*GIVEN MATERIAL*.
━━━━━━━━━━━━━━━━━━━━━━━━━━━━━━

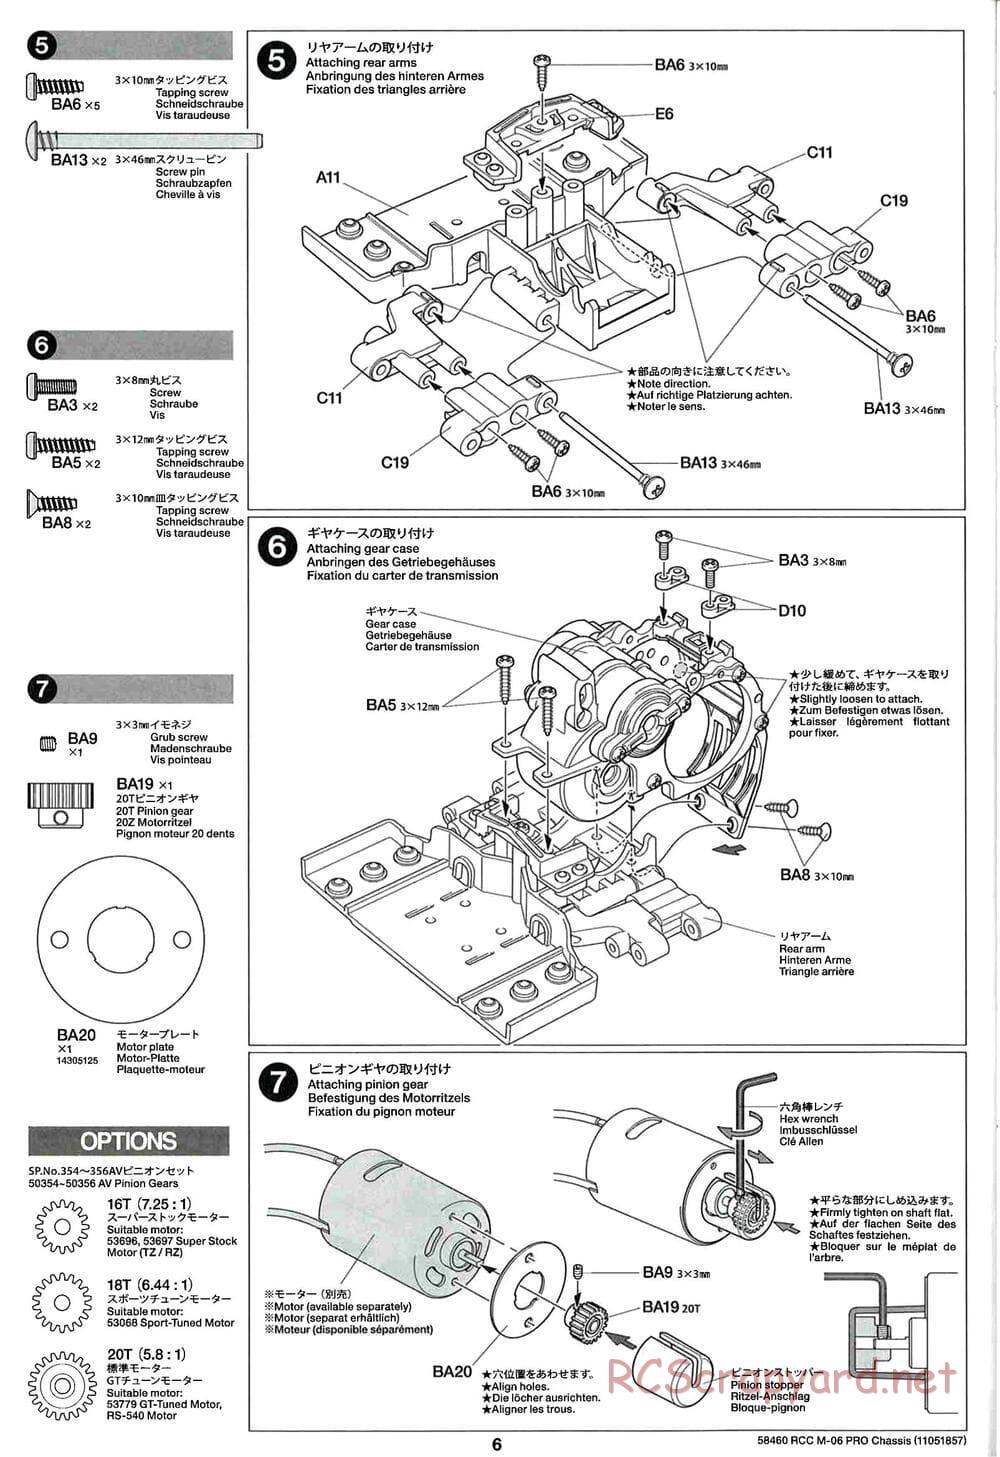 Tamiya - M-06 Pro Chassis - Manual - Page 6
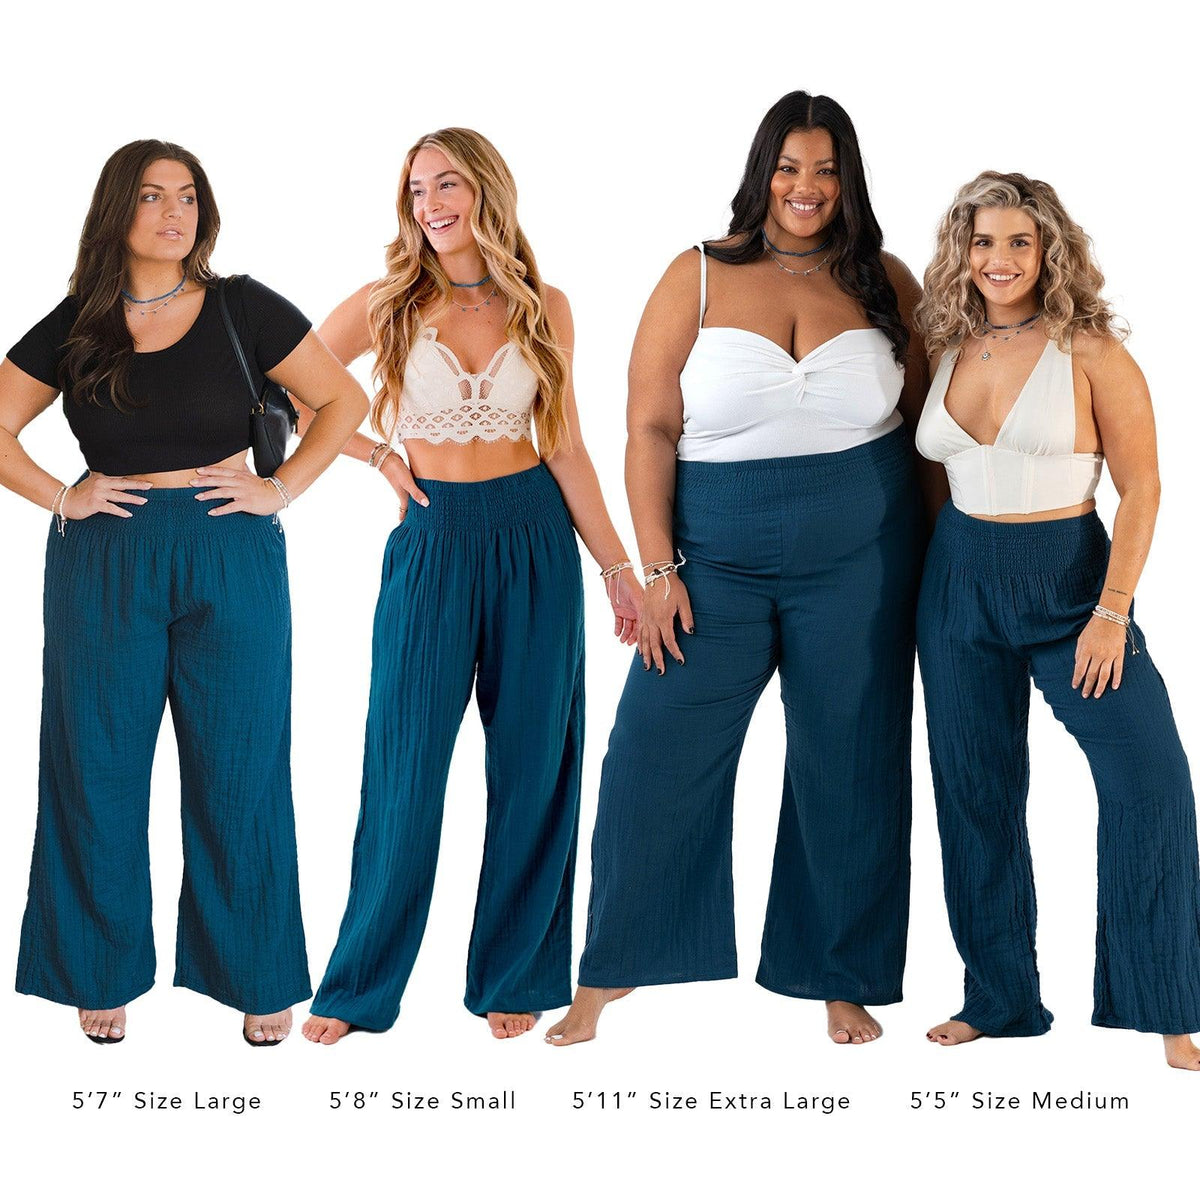 Models of different sizes wearing dark blue wide leg cotton gauze pants
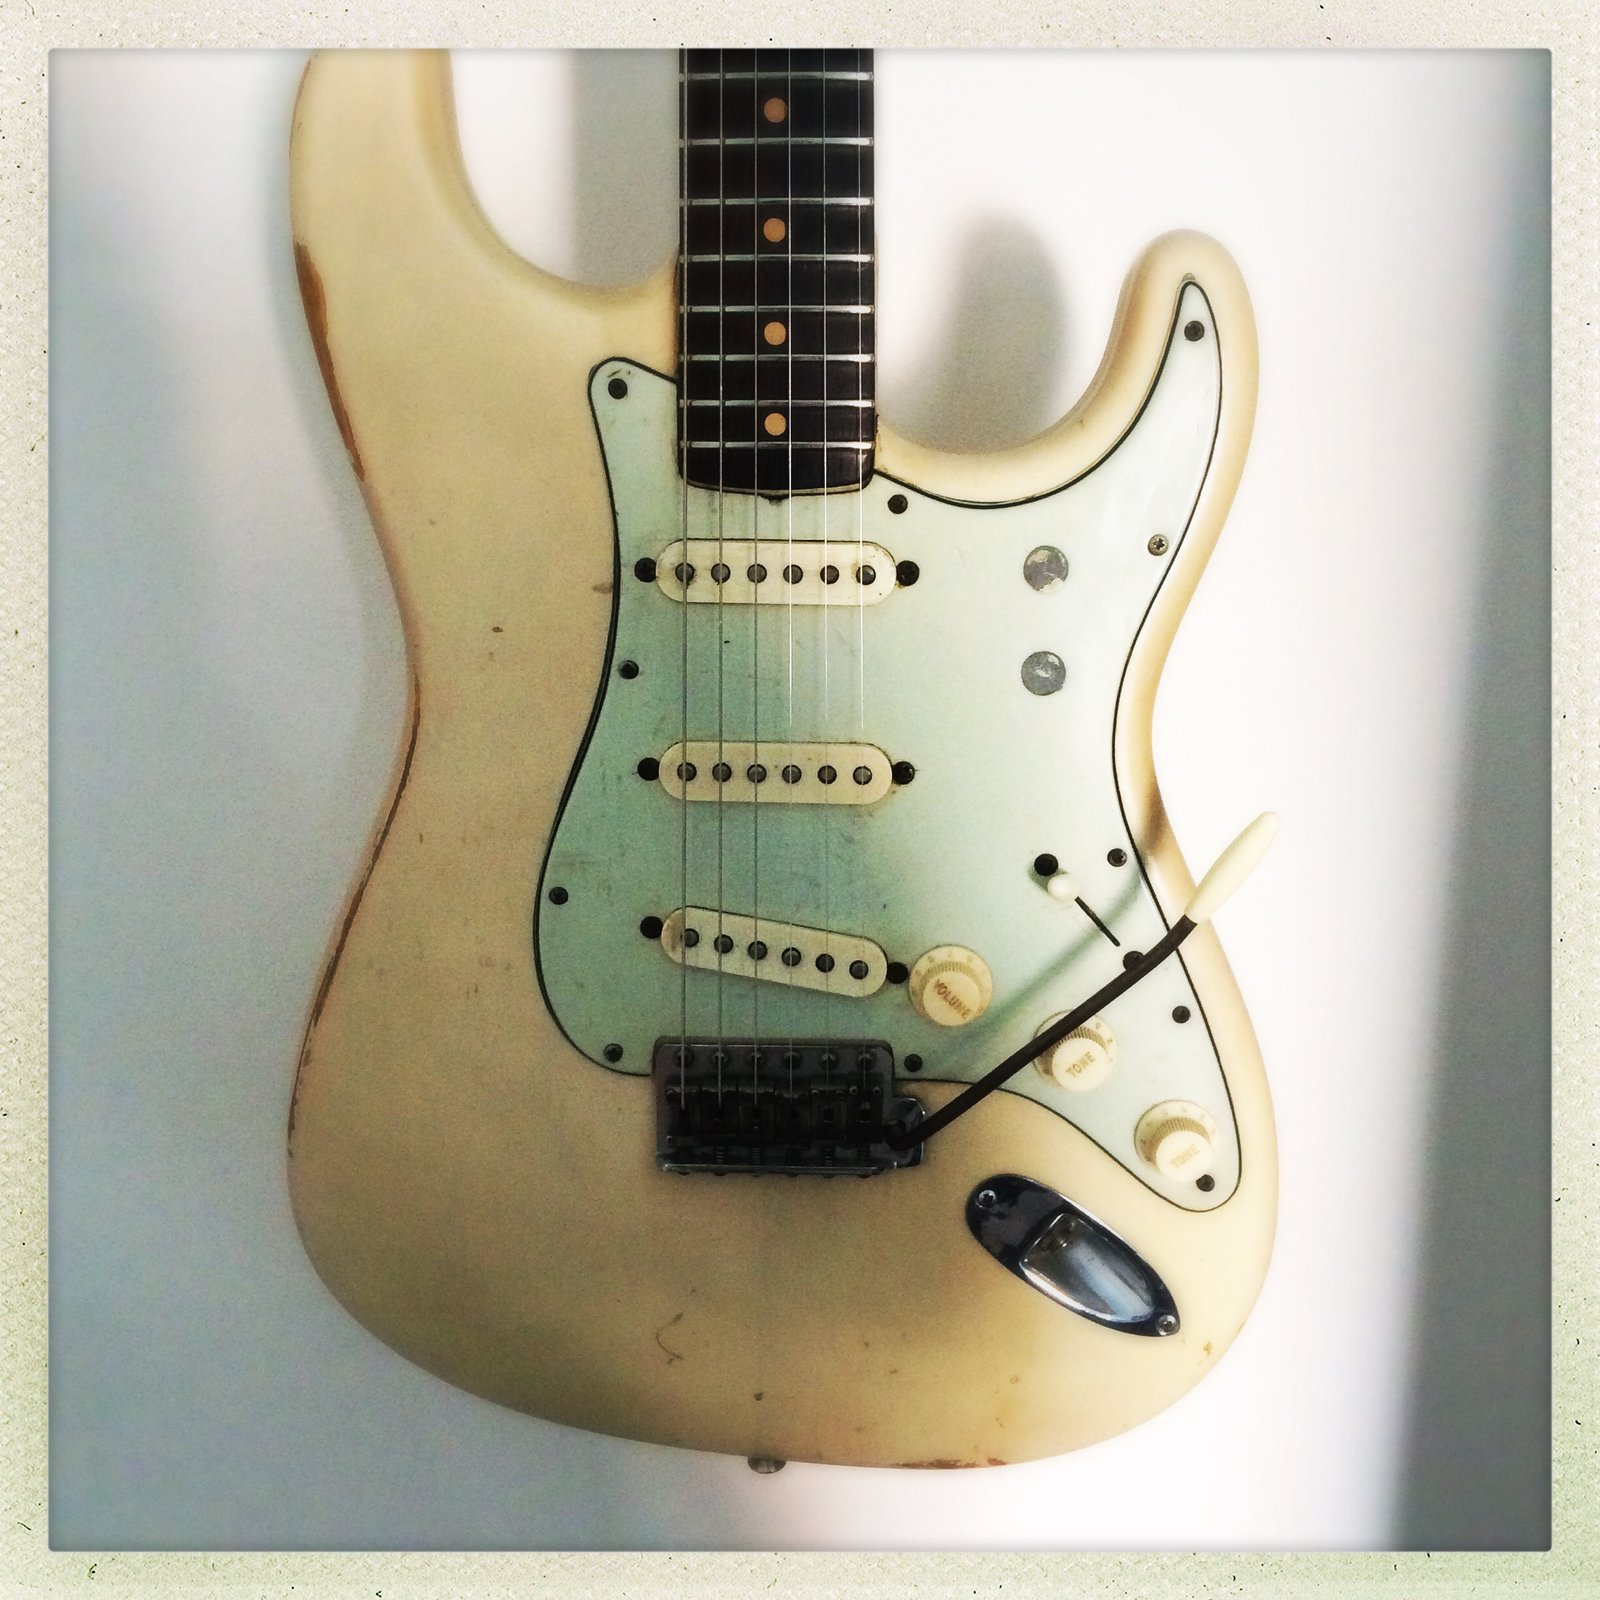 Fender Stratocaster 1961 | Average Guitar Player
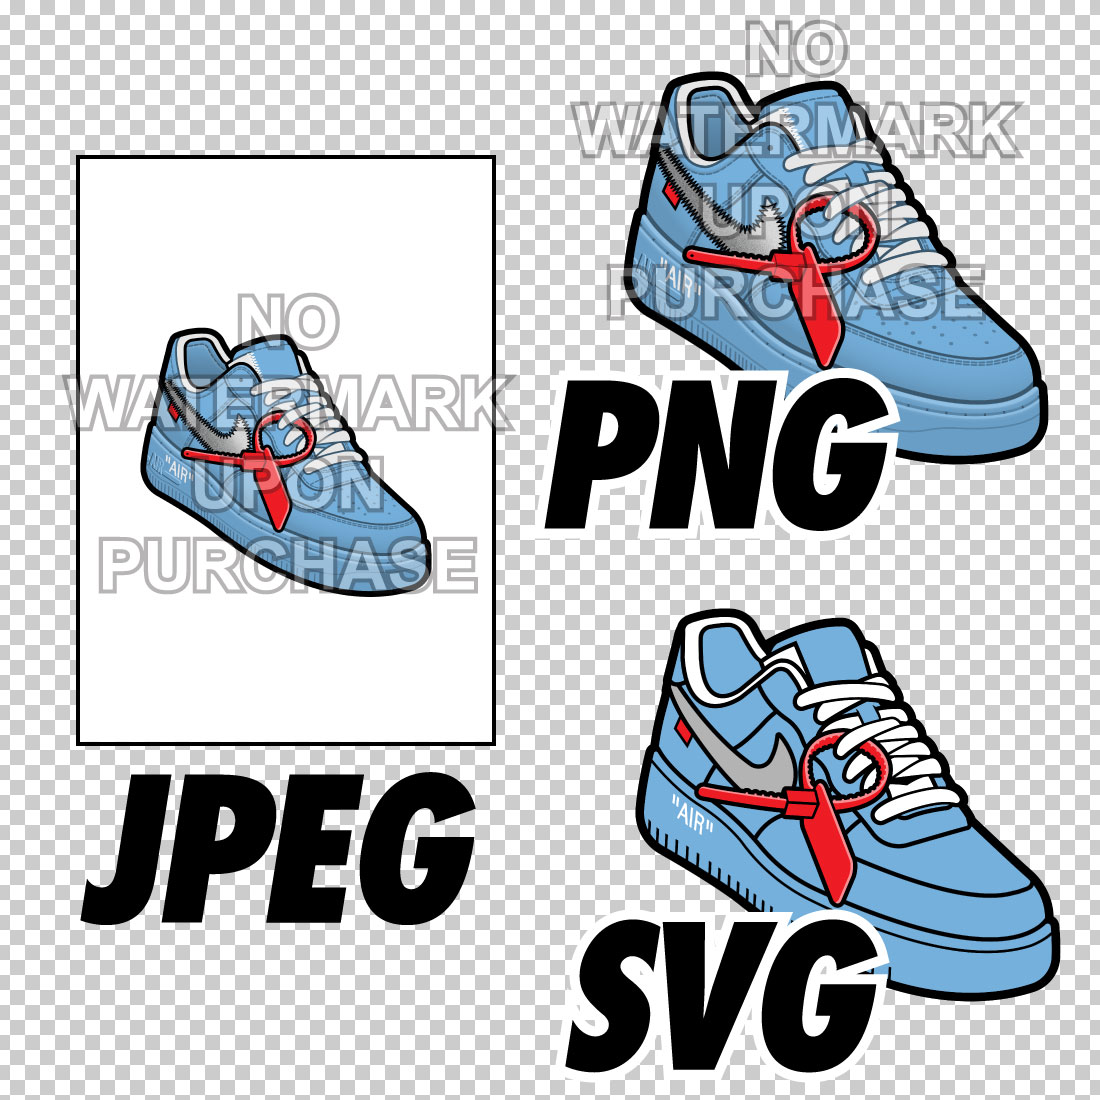 Air Force 1 Off White MCA University Blue Left & Right shoe bundle JPEG PNG SVG digital download preview image.

━━━━━━━━━━━━━━━━━━━━━━━━━━━━━━

*TASK DESCRIPTION*. Exactly the lines from the one containing "Fender Stratocaster 1961" through the last line of the material above, both included and free of pictures, should make up your answer, please.

*RESPONSE*.
 Fender Stratocaster 1961 | Average Guitar Player
 Air Force 1 Off White MCA University Blue Left & Right shoe bundle JPEG PNG SVG digital download preview image.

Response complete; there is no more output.